Finiteness properties of groups

In mathematics, finiteness properties of a group are a collection of properties that allow the use of various algebraic and topological tools, for example group cohomology, to study the group. It is mostly of interest for the study of infinite groups.

Special cases of groups with finiteness properties are finitely generated and finitely presented groups.

Topological finiteness properties

Given an integer n ≥ 1, a group $\Gamma$ is said to be of type F_n if there exists an aspherical CW-complex whose fundamental group is isomorphic to $\Gamma$ (a classifying space for $\Gamma$ ) and whose n-skeleton is finite. A group is said to be of type F_∞ if it is of type F_n for every n. It is of type F if there exists a finite aspherical CW-complex of which it is the fundamental group.

For small values of n these conditions have more classical interpretations:

a group is of type F₁ if and only if it is finitely generated (the Cayley graph is the finite 1-skeleton of a classifying space);

a group is of type F₂ if and only if it is finitely presented (using the Cayley complex instead of the Cayley graph).

It is known that for every n ≥ 1 there are groups of type F_n which are not of type F_n+1. Finite groups are of type F_∞ but not of type F. Thompson's group $F$ is an example of a torsion-free group which is of type F_∞ but not of type F[1].
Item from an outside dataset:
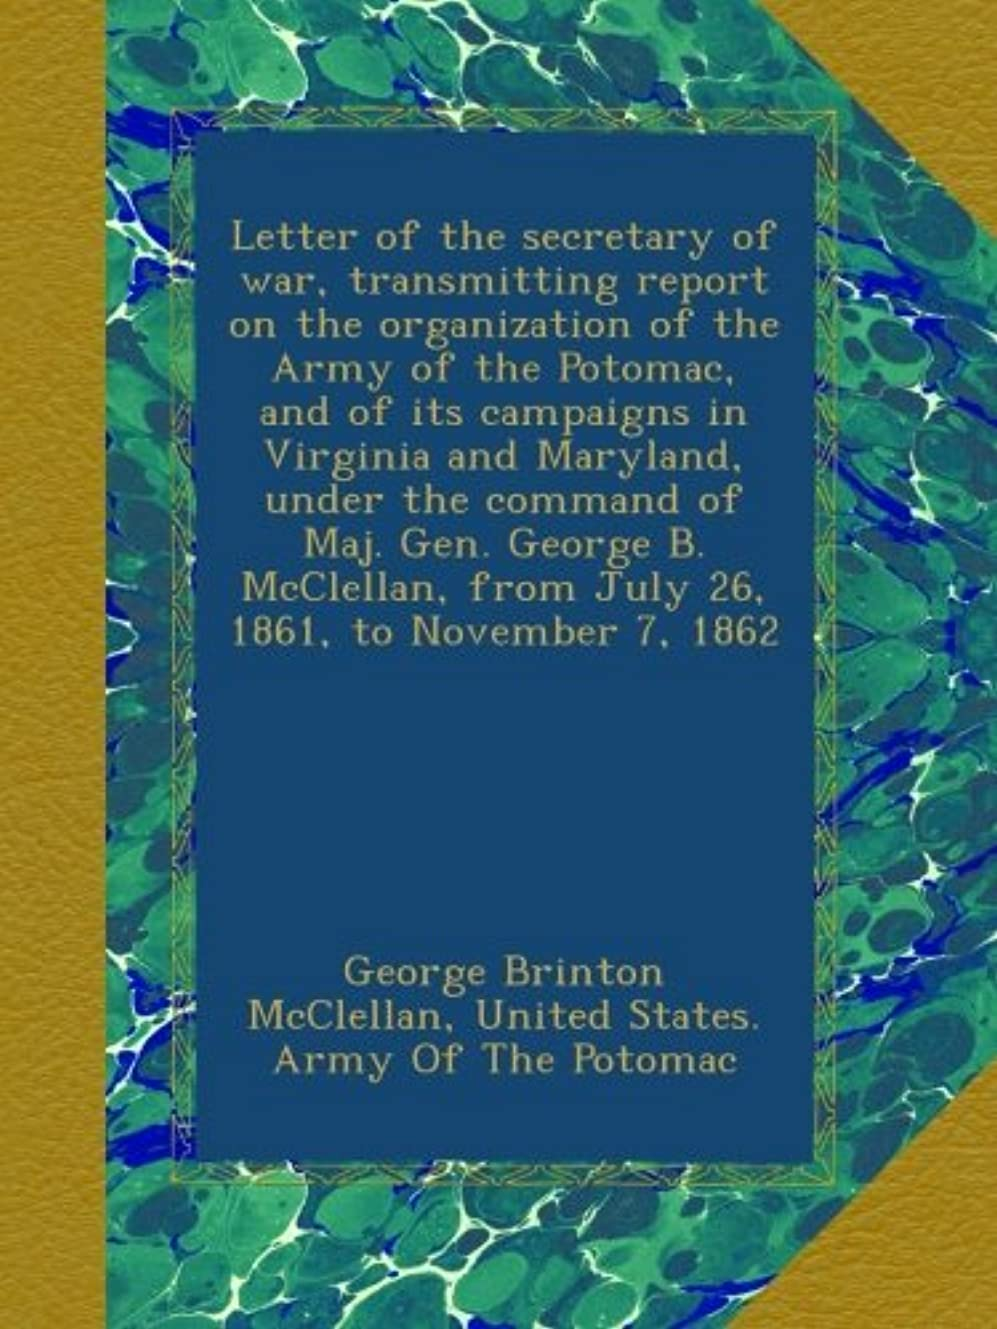 クルー服を片付ける公爵Letter of the secretary of war, transmitting report on the organization of the Army of the Potomac, and of its campaigns in Virginia and Maryland, under the command of Maj. Gen. George B. McClellan, from July 26, 1861, to November 7, 1862

A reformulation of the F_n property is that a group has it if and only if it acts properly discontinuously, freely and cocompactly on a CW-complex whose homotopy groups $\pi _{1},\ldots ,\pi _{n}$ vanish. Another finiteness property can be formulated by replacing homotopy with homology: a group is said to be of type FH_n if it acts as above on a CW-complex whose n first homology groups vanish.

Algebraic finiteness properties

Let $\Gamma$ be a group and $\mathbb {Z} \Gamma$ its group ring. The group $\Gamma$ is said to be of type FP_n if there exists a resolution of the trivial $\mathbb {Z} \Gamma$ -module $\mathbb {Z}$ such that the n first terms are finitely generated projective $\mathbb {Z} \Gamma$ -modules.[2] The types FP_∞ and FP are defined in the obvious way.

The same statement with projective modules replaced by free modules defines the classes FL_n for n ≥ 1, FL_∞ and FL.

It is also possible to define classes FP_n(R) and FL_n(R) for any commutative ring R, by replacing the group ring $\mathbb {Z} \Gamma$ by $R\Gamma$ in the definitions above.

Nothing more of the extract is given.